I have friends who have done the same thing with similiar results to yours. Except they have gone even longer than 4 months. I have a friend who hasn't cleaned his tank in years and his fish are super healthy and water params are all in check. I wonder if it has something to do with all the real(not plastic) plants he has in his tank???? I also have other friends who go up to a year without changing their water. All of these guys have P's and they are messy as hell....


----------



## DiPpY eGgS (Mar 6, 2005)

I don't mess around with not doing water changes anymore.

Everything in my tank seems to do much better when they are done on time.
Even with low nitrates present, I just don't like going without them anymore.

I'm sold on the frequent water change.

It would never hurt your fish to do a water change, no matter how long it has been. -Unless you accidentally put water that has a much different temperature, or is loaded with chlorine.

If you have very high nitrates, (80+) it won't go down with 1 water change. You will have to do daily smaller water changes, like 20% a day until back to normal (around 20)

NM, your nitrates are 10ppm..--no need to be any lower than that.


----------



## TobiasRieper (Mar 14, 2008)

robert69 said:


> I don't mess around with not doing water changes anymore.
> 
> Everything in my tank seems to do much better when they are done on time.
> Even with low nitrates present, I just don't like going without them anymore.
> ...


I see, so doing one now wont hurt my fish? I thought 10ppm was high, maybe not so?


----------



## rchan11 (May 6, 2004)

Your water onions and a small amazon sword must be doing their job.


----------



## DiPpY eGgS (Mar 6, 2005)

Any plant at all raises water quality.

My tank is full of plants, but I do weekly large water changes anyway. They really help my fish to stay active, plants grow better, seems like the fish grows quicker etc etc.

Things get nasty in there when they are not done, IMO

quick edit:: 10ppm is low for nitrates, especially with plants.. If you do not have nitrates present and you have plants, the plants can starve to death.
and before they starve to death, they will get infested with algea


----------



## TobiasRieper (Mar 14, 2008)

DiPpY eGgS said:


> Any plant at all raises water quality.
> 
> My tank is full of plants, but I do weekly large water changes anyway.
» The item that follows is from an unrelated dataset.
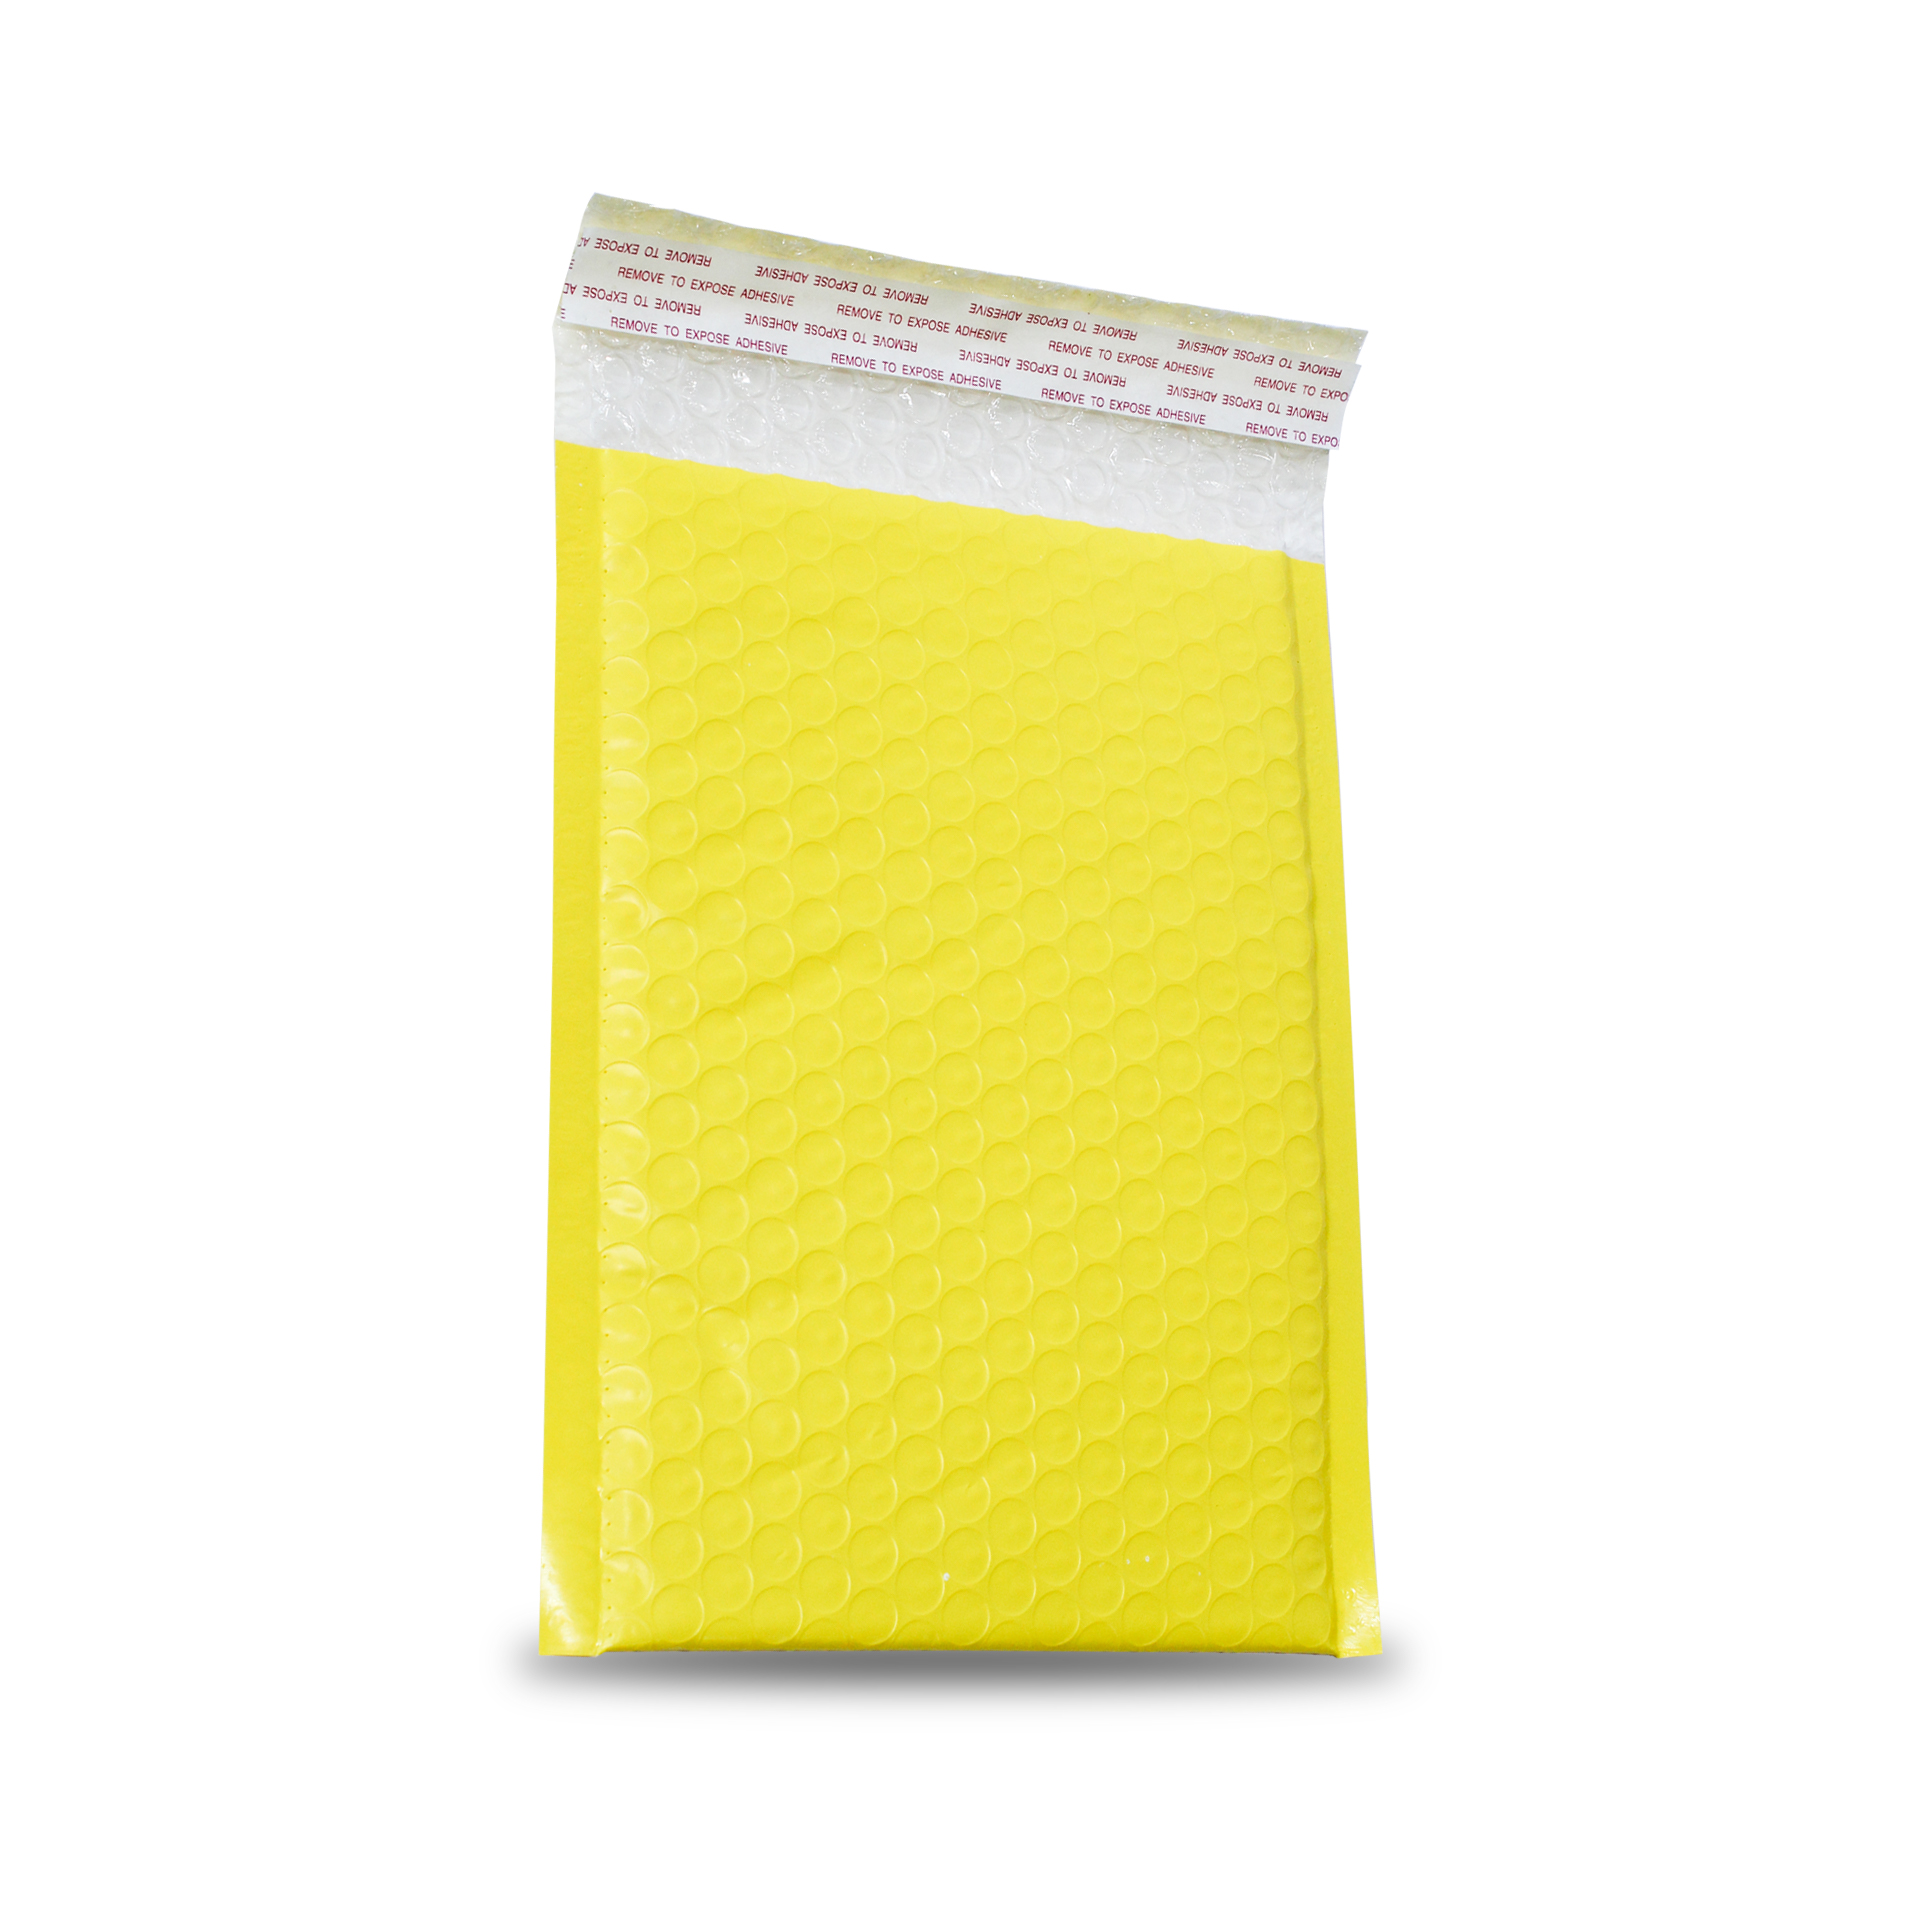 (ยิ่งซื้อ ยิ่งแถม) ซองไปรษณีย์กันกระแทก ขนาด 17.5 x 24 ซม. สีเหลือง (100 ซอง/แพ็ค)

They really help my fish to stay active, plants grow better, seems like the fish grows quicker etc etc.
> 
> ...


Interesting, I learn something new everyday on this site...so things must be pretty balanced out in my tank?


----------



## Malawi- (Oct 21, 2008)

I would do a small water change, like 20%. If its been that long, wouldnt wanna take a chance on changing the water chemistry to much.


----------



## maddyfish (Sep 16, 2006)

TobiasRieper said:


> Interesting, I learn something new everyday on this site...so things must be pretty balanced out in my tank?


More likely your test is inaccurate.


----------



## JustJoshinYa (Mar 25, 2006)

IMO water changes are good you are taking stale water out and putting fresh water in, water becomes stale as it sits in a tank in an enclossed system at degrees of about 80degrees constant, IMO i would at least do a once a week water change just to get some fresh water into the mix its always better than letting your fish sit constantly in the same water he poos and eats in, in nature this wouldnt really happen.

just my 3cents
-Josh


----------